So I tried to tackle this issue and I came to a couple of conclusions. The first being: Gepatschferner, the glacier shown in the example above is just a really really weird glacier!
This plot shows the relative volume change for the same settings as above. I am really not sure what's happening there...
gep_vol1

Second conclusion: The difference might not be as big as I initially thought. The main reason being that OGGM's flowline model default timestepping sets an upper limit of 10 days. And even the 'ambitious' timestepping only uses 15 days as upper limit. So yes this can and does cause a difference, but it should be small for not so weird glaciers...

I implemented a limiting scheme (PR #743 ) and here are the length and volume differences between the current and my implementation for Hintereisferner :
len_diff
vol_diff
Length differences are within 1 grid point. Volume differences look weird again, but are in the order of 1e5 - 1e6 while the total volume is in the order of 1e9.

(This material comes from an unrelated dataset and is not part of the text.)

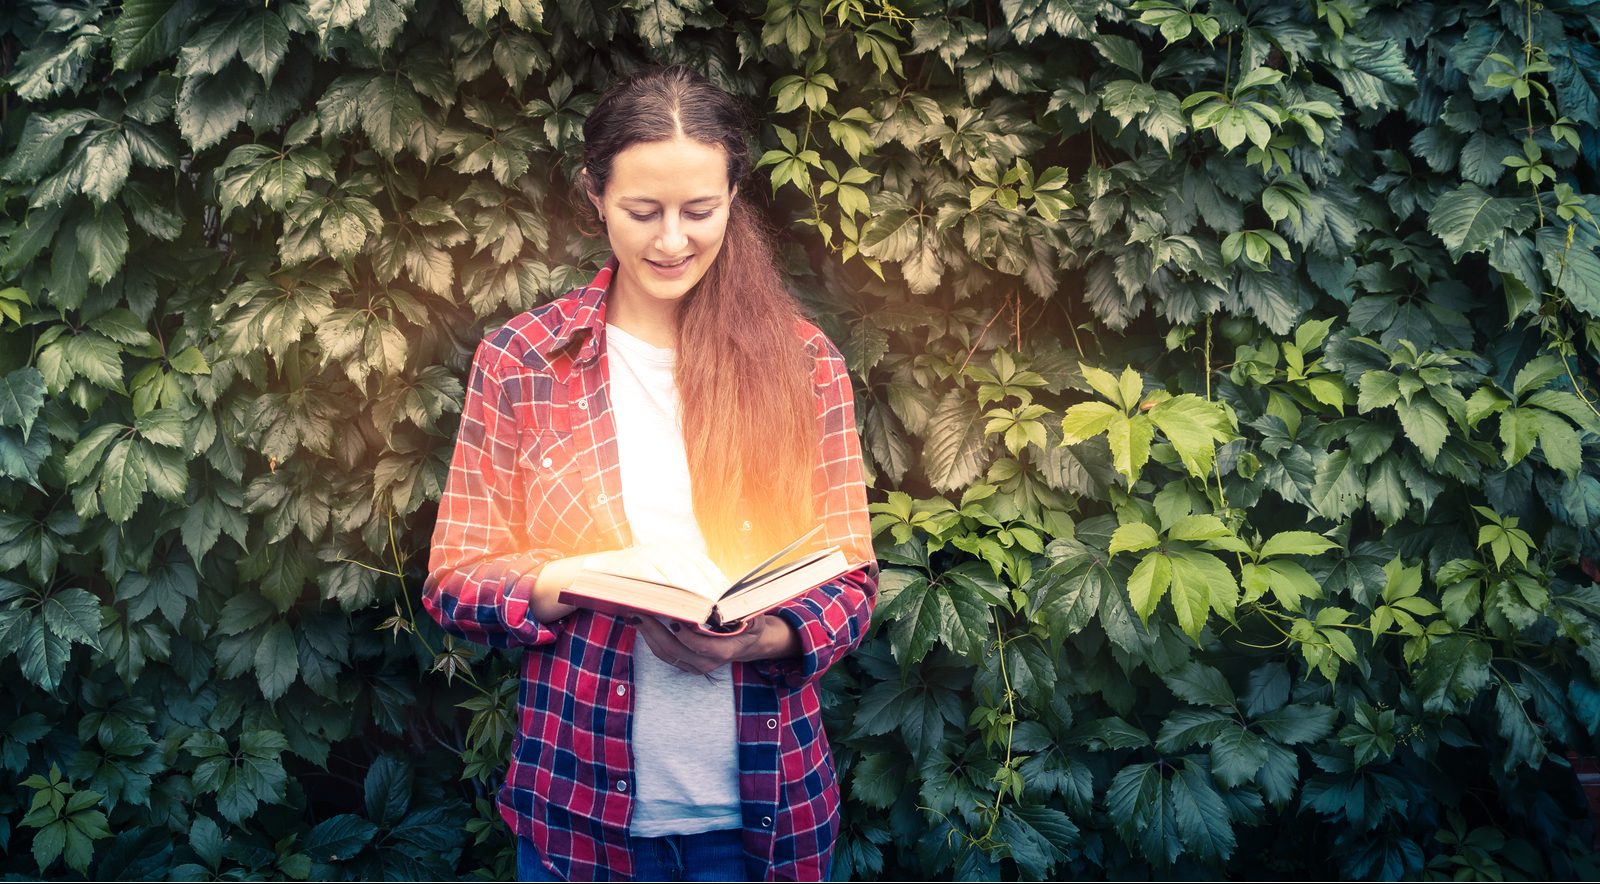 web2-young-dark-haired-woman-in-plaid-red-shirt-and-jeans-holds-in-her-hands-and-reads-a-magic-book-glowing-with-yellow-lights-against-the-beautiful-green-living-wall-of-the-grapes-shutt

As HEF always works well, I randomly picked Oberer Grindelwald glacier and there the differences are basically none existing:
len_diff_ogr
vol_diff_ogr
Length difference is again one grid point, and volume difference is in the order of 10(!) m^3.

If we would proceed from here this for sure needs some more testing, but to be honest I am not even sure if it is necessary. Problems with glaciers like Gepatschferner will not be solved by this.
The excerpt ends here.